Вечером собрались в доме Хованского стрелецкие полковники, подполковники и пятисотенные и пробыли у него до глубокой ночи.

V[45]

Ослепли в буйстве их сердца:

Среди крамол и пылких прений,

Упившись злобой и грехом.

Не видят истинных видений.

На другой день, пятого июля, патриарх Иоаким со всем высшим духовенством и священниками всех московских церквей молился в Успенском соборе о защите православной церкви против отпадших сынов её и о прекращении мятежа народного.

Между тем Никита и сообщники его, собравшись за Яузою, в слободе Титова полка, пошли к Кремлю в сопровождении нескольких тысяч стрельцов и бесчисленного множества народа. Пред Никитою двенадцать мужиков несли восковые зажжённые свечи; за ним следовали попарно его приближенные сообщники с древними иконами, книгами, тетрадями и налоями. На площади пред церковью Архангела Михаила, близ царских палат, они остановились, поставили высокие скамьи и положили на налои иконы, пред которыми встали мужики, державшие свечи. Взяв свои тетради и книги, Никита, расстриги-чернецы Сергий и два Савватия и мужики Дорофей и Гаврило начали проповедовать древнее благочестие, уча народ не ходить в хлевы и амбары (так называли они церкви). Патриарх послал из собора дворцового протопопа Василия для увещания народа, чтобы он не слушал лживых проповедников; но толпа раскольников напала на протопопа и верно бы убила его, если б он не успел скрыться в Успенский собор. По окончании молебна и обедни патриарх со всем духовенством удалился в свою Крестовую палату. Никита и сообщники его начали с криком требовать, чтобы патриарх вышел на площадь пред собором для состязания с ними. Толпа изуверов беспрестанно умножалась любопытными, которые со всех сторон сбегались на площадь, и вскоре весь Кремль наполнился народом.

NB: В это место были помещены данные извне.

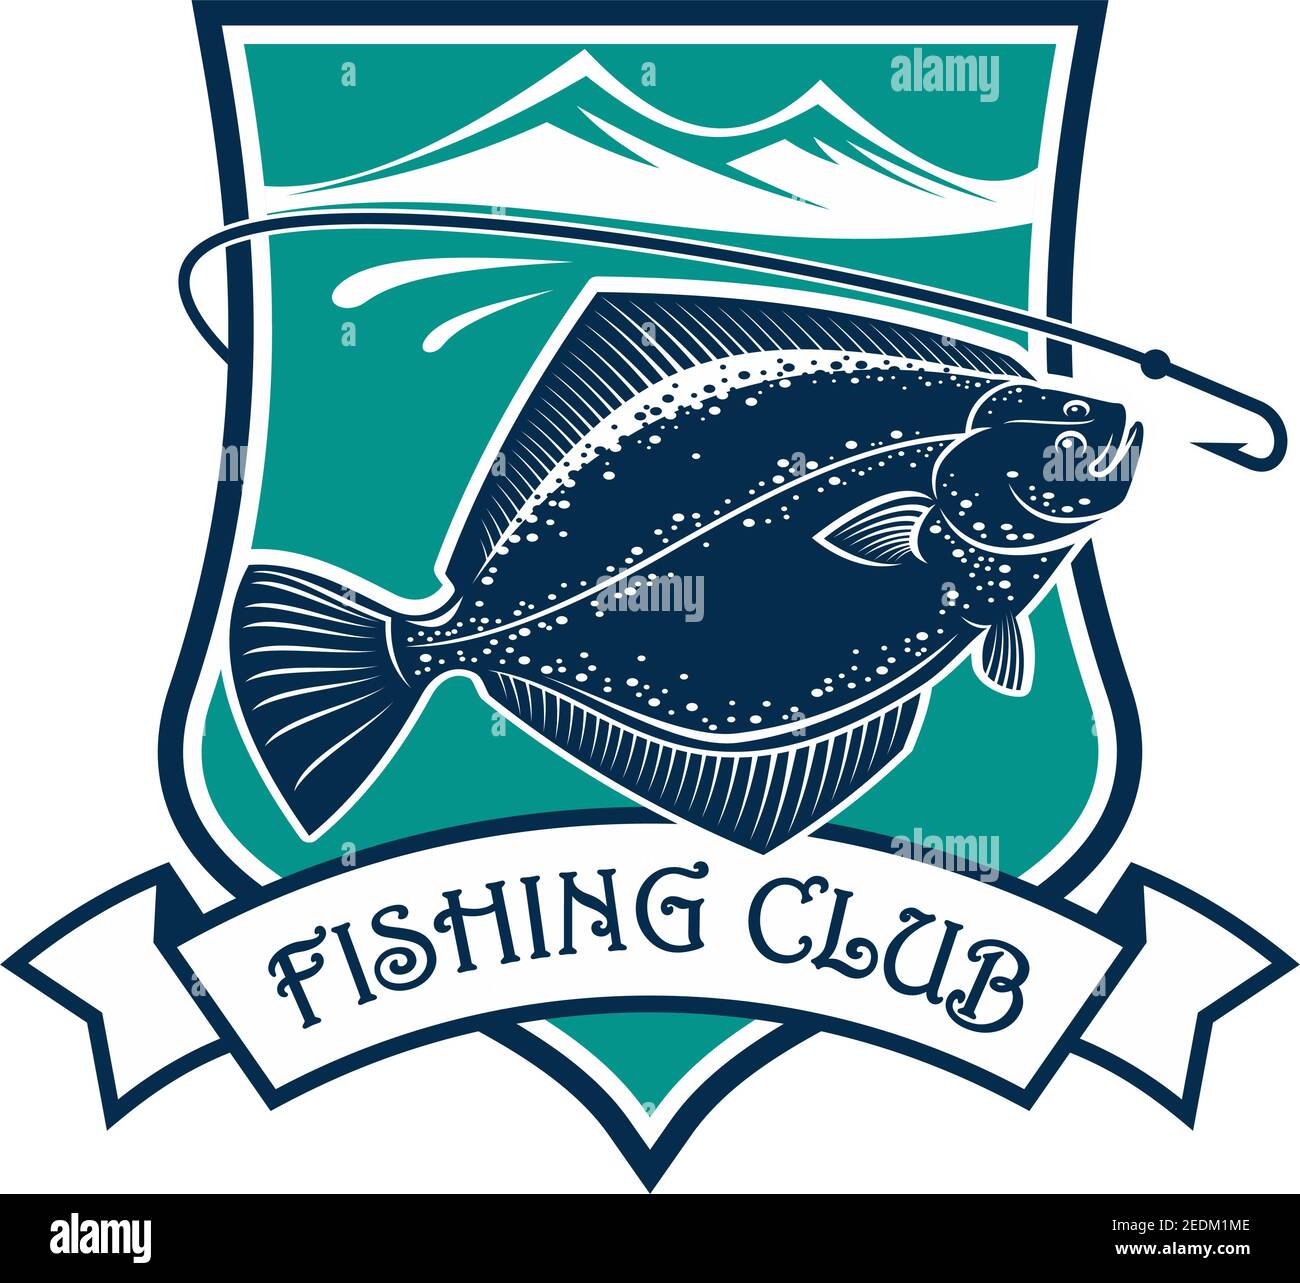 Fishing icon of flounder fish, fish-rod with bait, float and catch

Князь Иван Хованский, войдя в Крестовую палату, сказал патриарху, что государи велели ему и всему духовенству немедленно идти во дворец через Красное крыльцо. У этого крыльца собралось множество раскольников с каменьями за пазухою и в карманах. Патриарх, не доверяя Хованскому, медлил. Старый князь, видя, что замысел его не удаётся, пошёл во дворец, в комнаты царевны Софии, и сказал ей с притворным беспокойством:

— Государыня! стрельцы требуют, чтобы святейший патриарх вышел на площадь для прения о вере.

— С кем, князь?

— Не знаю наверное, государыня; изволь сама взглянуть в окно. Господи Боже мой! — воскликнул Хованский, отворяя окно. — Какая бездна народу! Кажется, вон эти чернецы, что стоят на скамьях, близ налоев, хотят с патриархом состязаться.

— Для чего же ты не приказал схватить их?

— Это невозможное дело, государыня! Все стрельцы и весь народ на их стороне. Я боюсь, чтобы опять не произошло — от чего сохрани, Господи! — такого же смятения, какое было пятнадцатого мая.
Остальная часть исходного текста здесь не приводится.